Страница 23 из 26
Петр постоял около нее, не зная, что сказать в утешение. Положил руку на ее голову, обвязанную нечистым белым платком, с выбившимися рыжими прядками волос.
— Ничего, Агашка, я в обиду тебя не дам.
Девка подняла курносое лицо, мокрое, пестрое от веснушек, как сорочье яйцо, и горько завыла на весь дом.
— Ушла бы от вас... Давно ушла бы,— с трудом выговаривала она.— Да уйти некуда... Кому я, хромоногая, нужна?!
Петр достал из шкафчика бутылку с отваром валерианы. налил в кружку и заставил Агашку выпить.
1 а выпила и сейчас же успокоилась.
На лестнице, ведущей в мезонин, молча наблюдая за происходящим, стояла Марфа Даниловна — в нарядной юбке, в цветастой шали. Ее черные блестящие волосы были умело уложены в красивую прическу. Круглые цыганские серьги блестели в ушах.

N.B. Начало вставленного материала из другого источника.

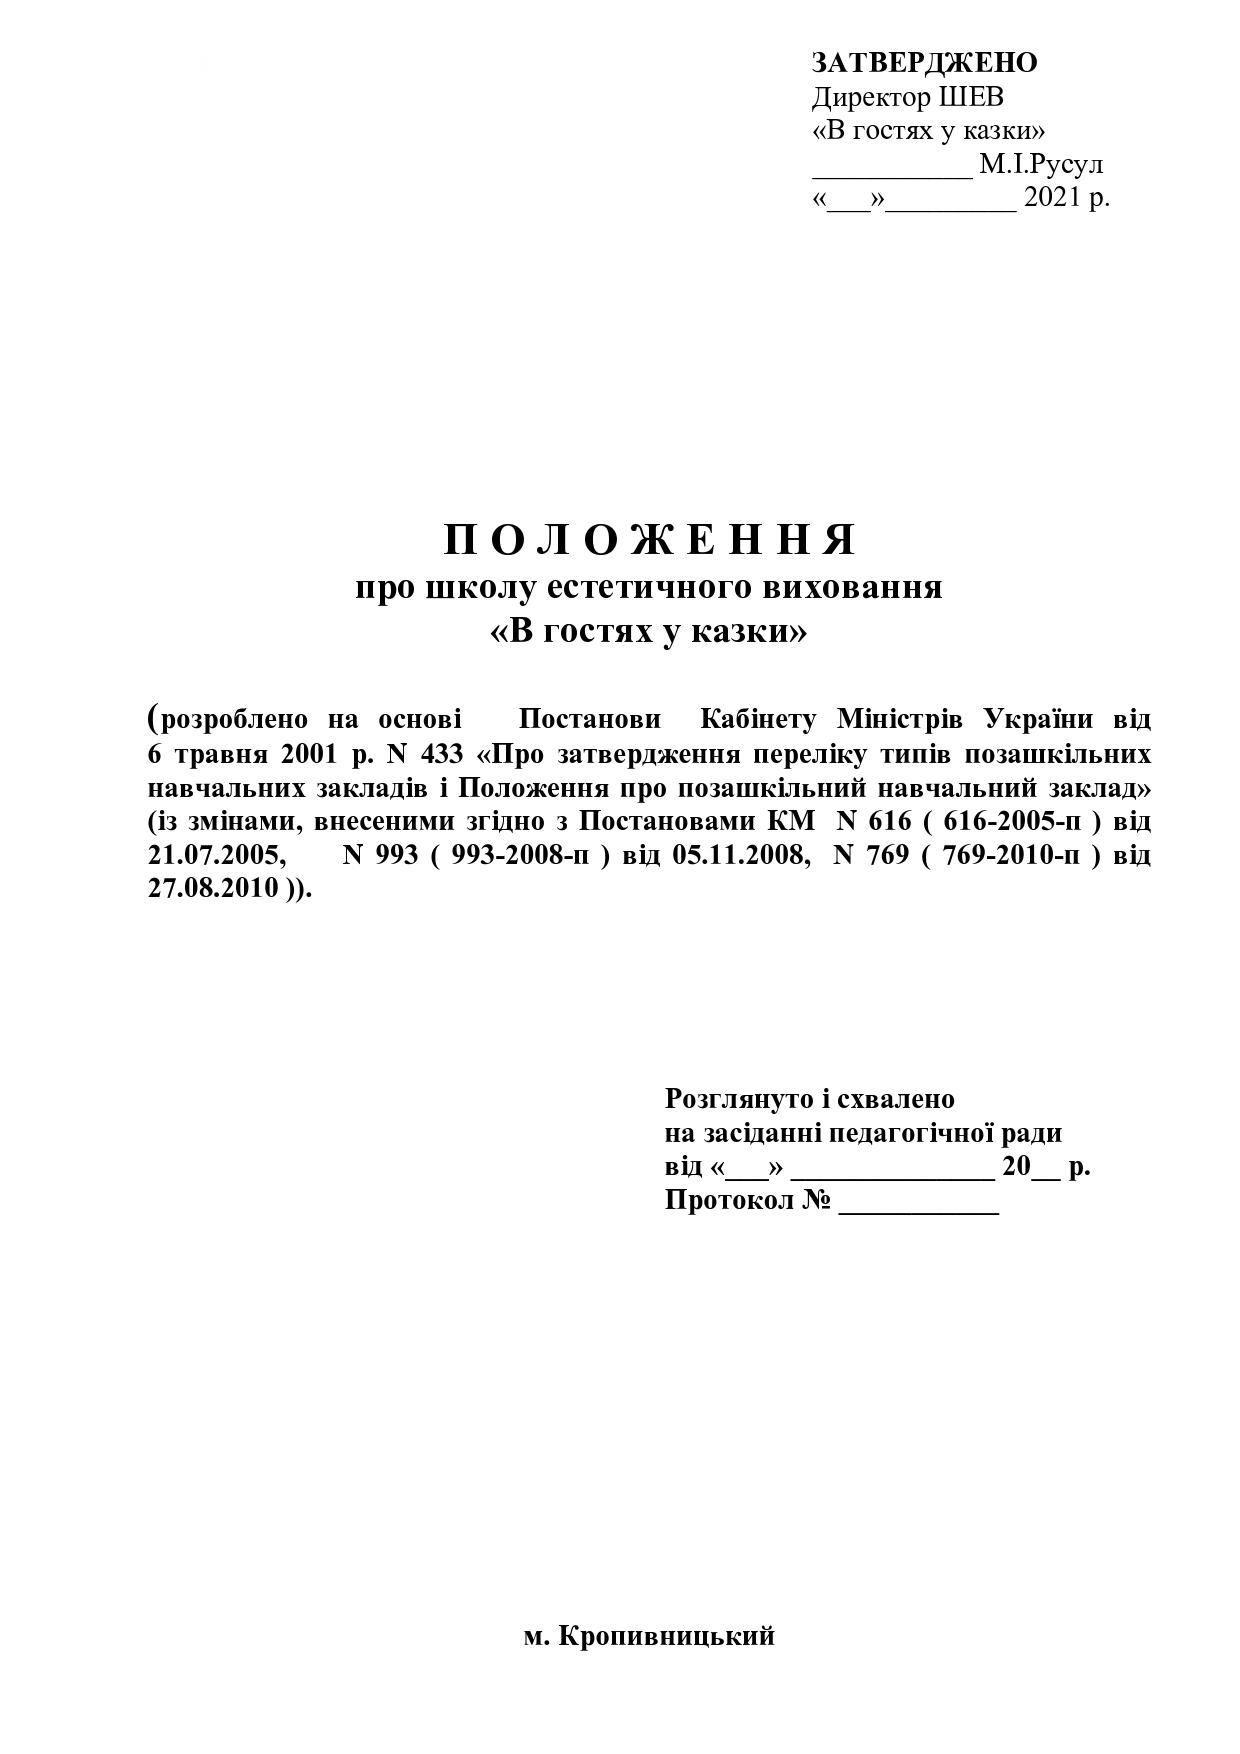 ПОЛОЖЕННЯ про ШЕВ 2021 оновлене-page0001

Она метнула взгляд в сторону проходящего мимо Петра и широко улыбнулась, открывая такие же, как у дочери, плотные и белые зубы. Петр не понял ее улыбки: не то она поощряла его поведение, не то смеялась над ним. Однако теща ничего не сказала, прошумела юбками и исчезла до ночи.
«Дорожит каждым мгновением жизни... Ох, чует, что недалек тот час...— подумал Петр и спросил себя: —А знает ли Федор Никитич, как без него проводит время жена? — И решил: — Нет, не знает, иначе настоял бы на ее приезде к нему». Рассказать ему обо всем? Но писать тестю, волновать его не хотелось. Да и не было права у него, а Олимпиада словно ничего не замечала. Или привыкла к этому? Может, и при муже мать умудрялась вести такую же развеселую жизнь?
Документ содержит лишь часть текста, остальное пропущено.